→ **TASK OBJECTIVE**:
Repeat exactly the lines of the material below that run from the "CHRISTIAN LOUBOUTIN Black" line to the "Clocky Alarm Clock" line, including both, and do not carry over any pictures.

→ **DATASET**:
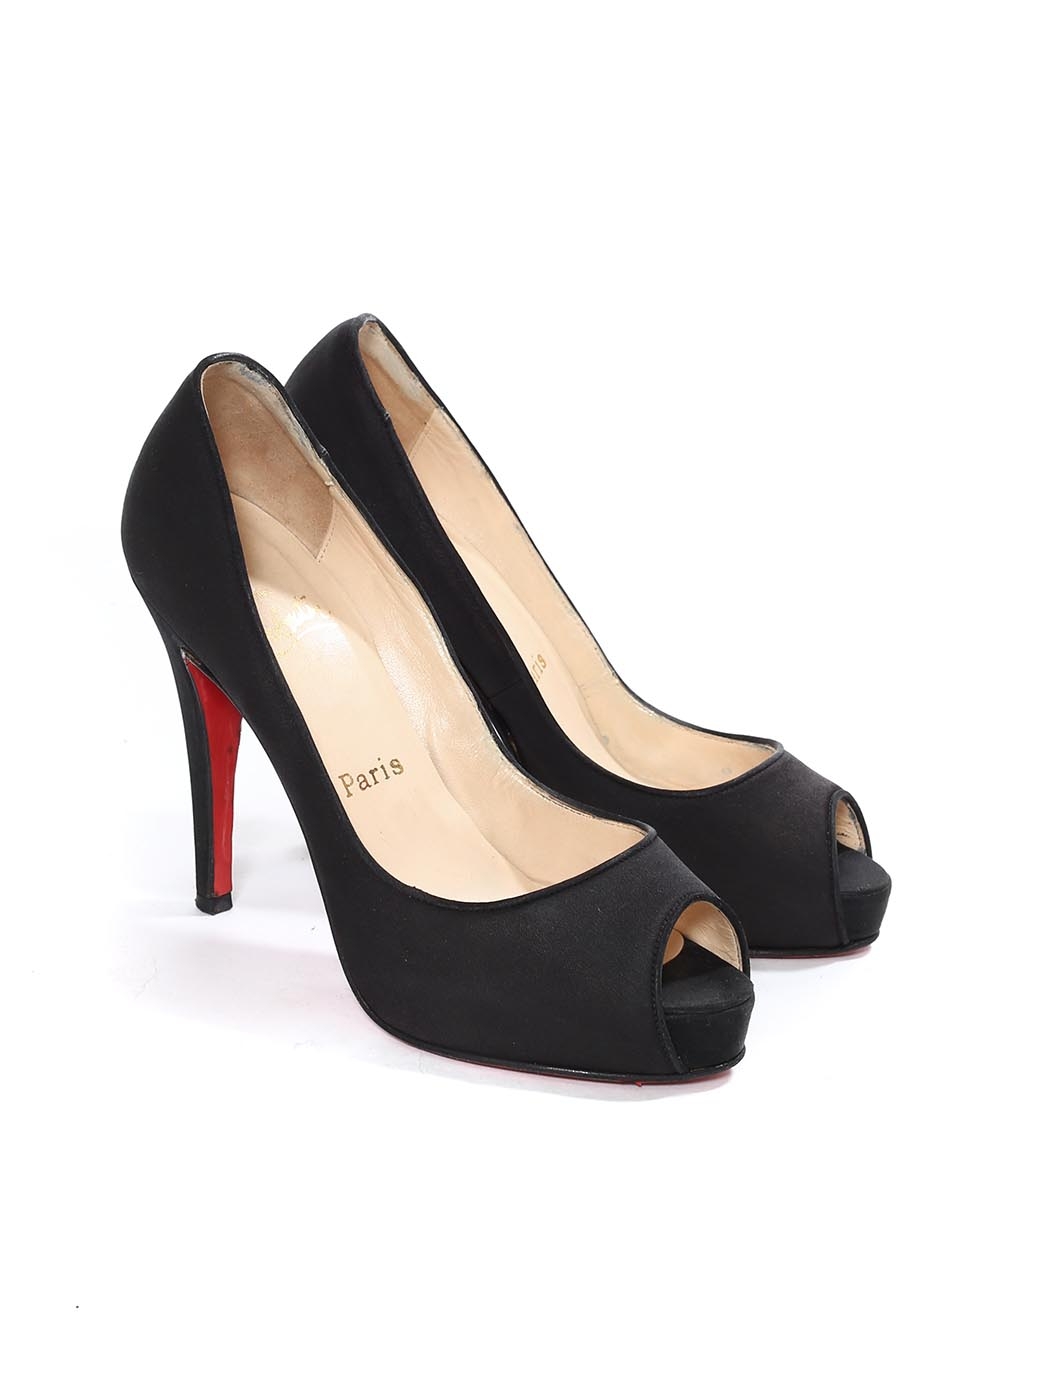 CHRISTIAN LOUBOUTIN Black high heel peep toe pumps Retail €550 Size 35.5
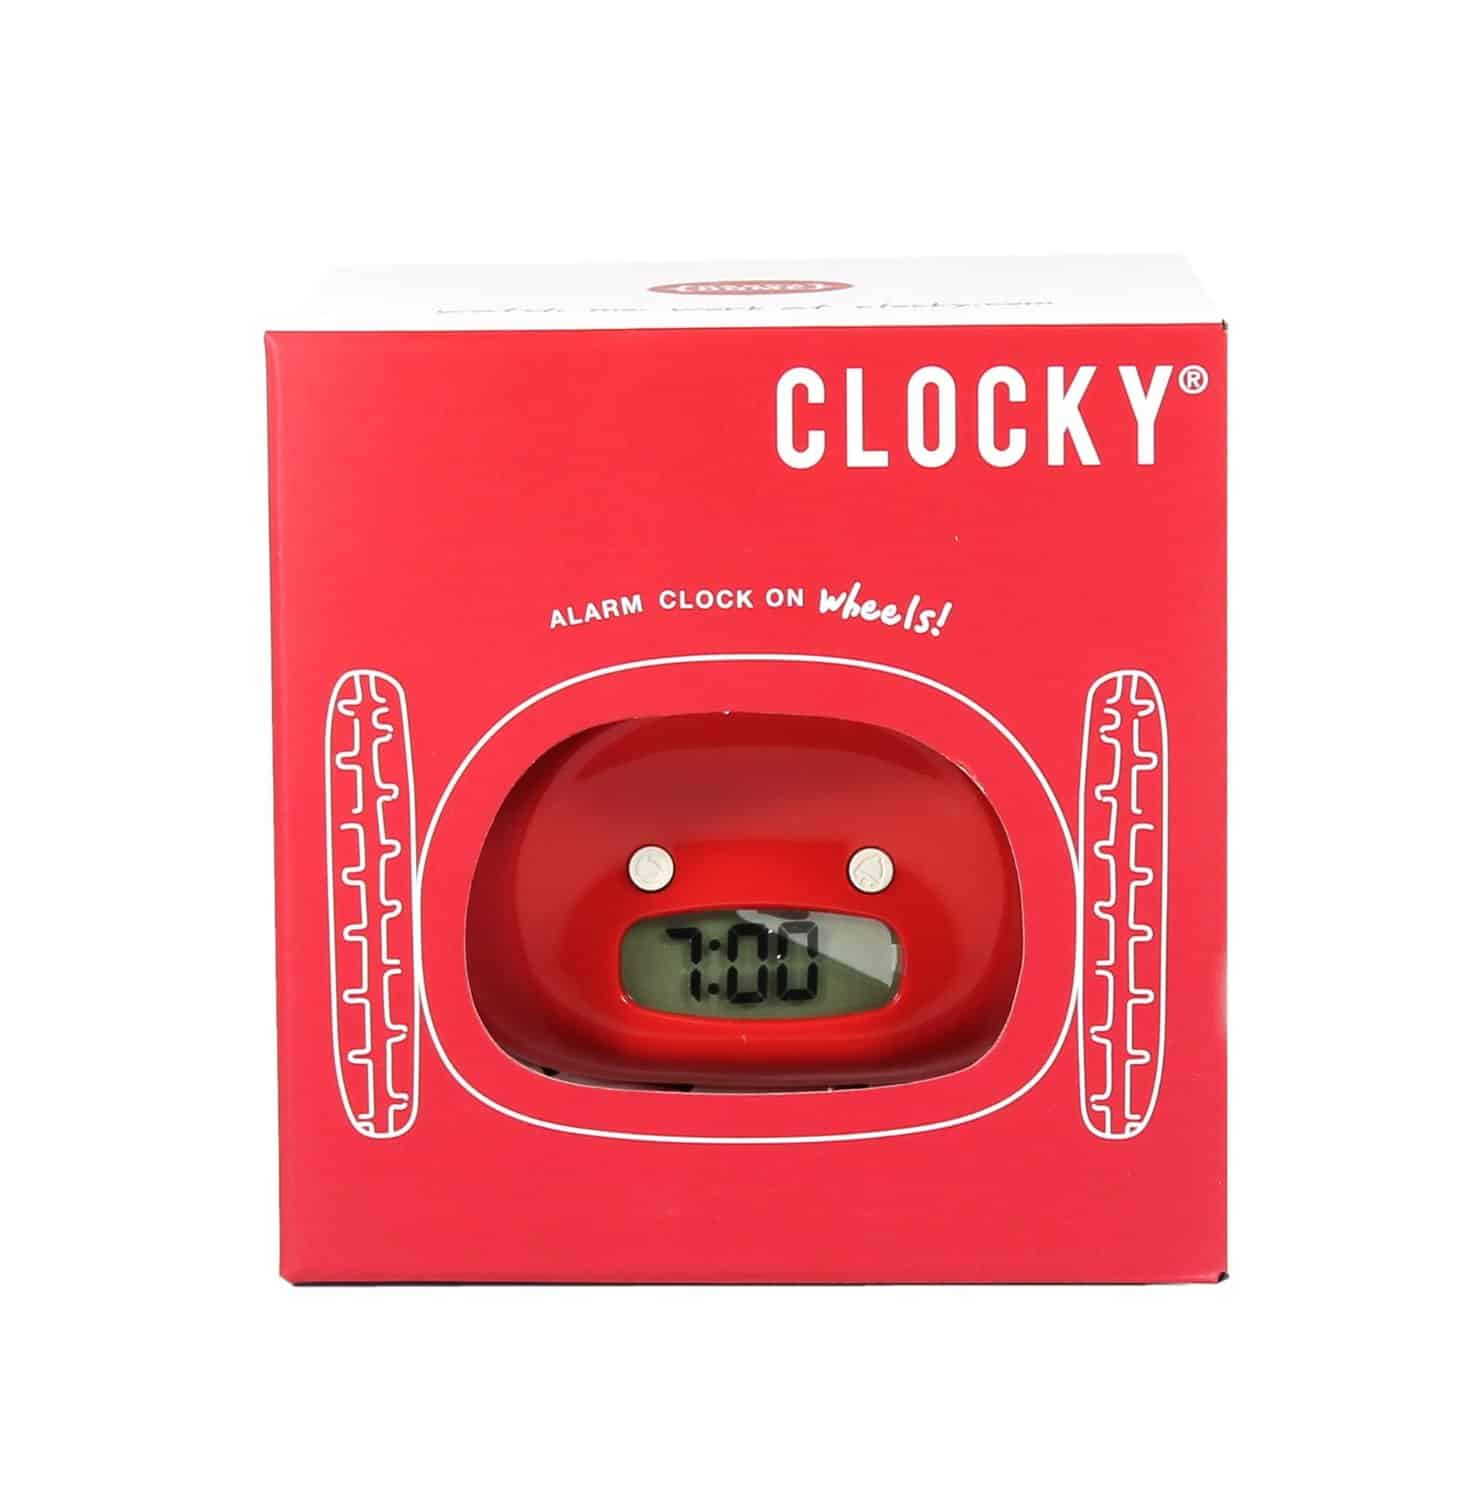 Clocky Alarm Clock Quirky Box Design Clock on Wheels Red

==

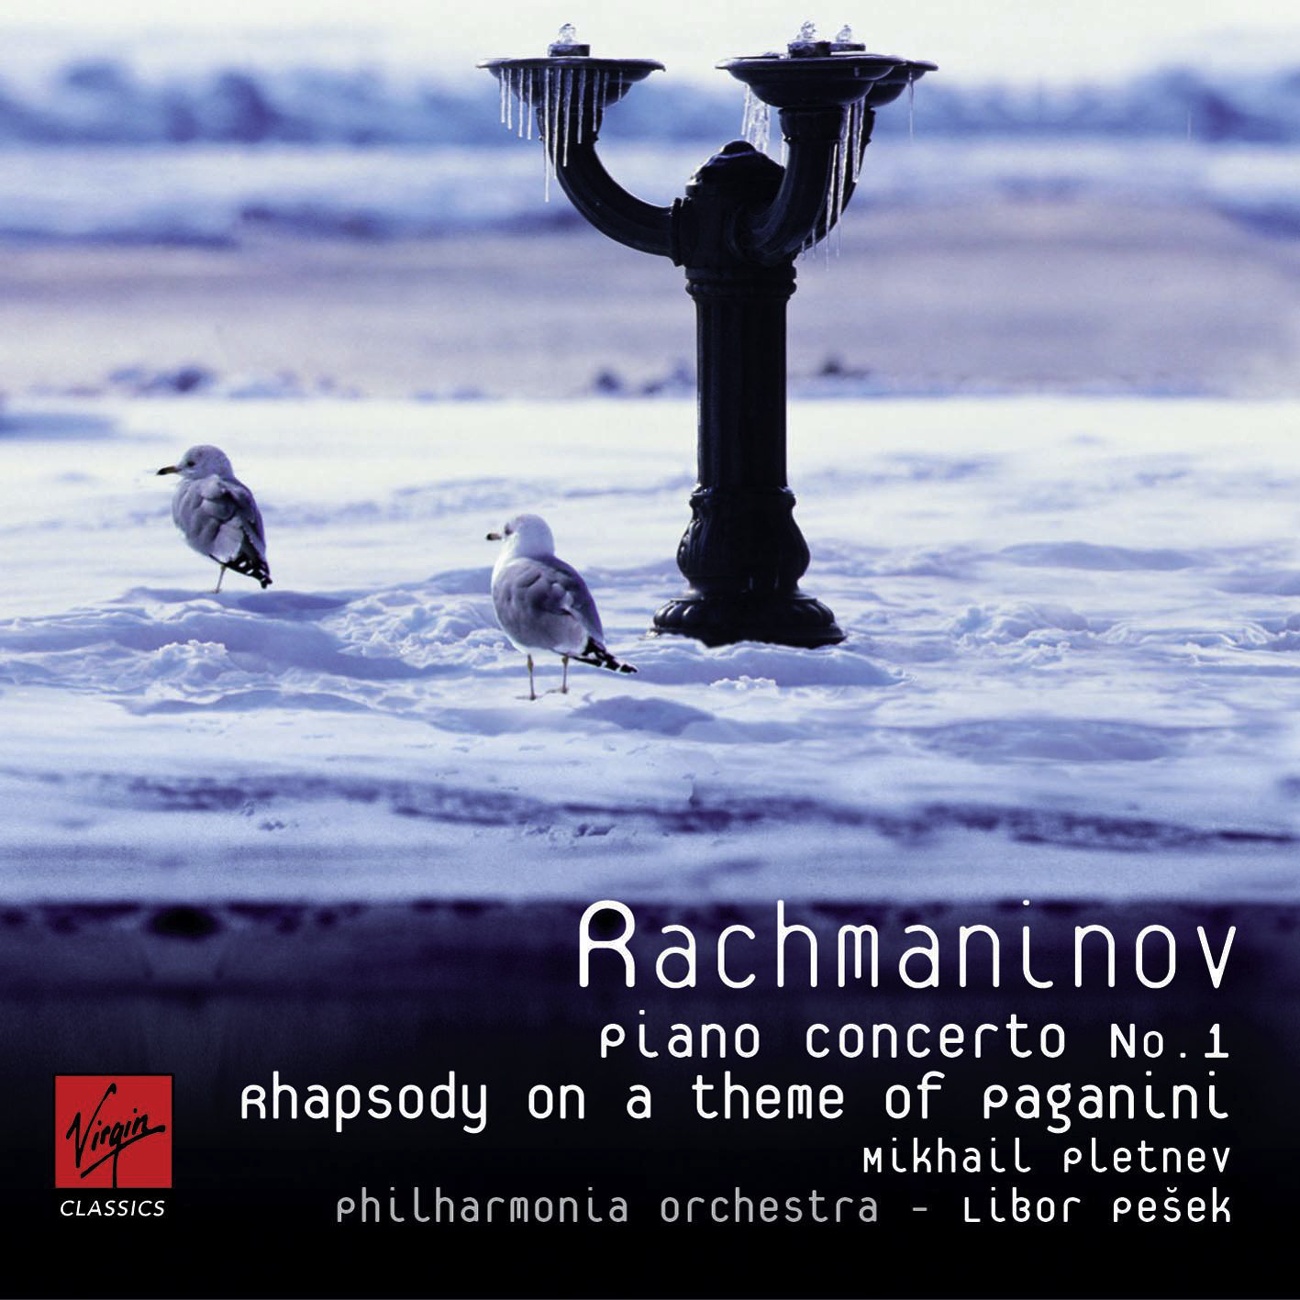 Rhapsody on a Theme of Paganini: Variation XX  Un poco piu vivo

→ **EXERCISE SOLUTION**:
 CHRISTIAN LOUBOUTIN Black high heel peep toe pumps Retail €550 Size 35.5
 Clocky Alarm Clock Quirky Box Design Clock on Wheels Red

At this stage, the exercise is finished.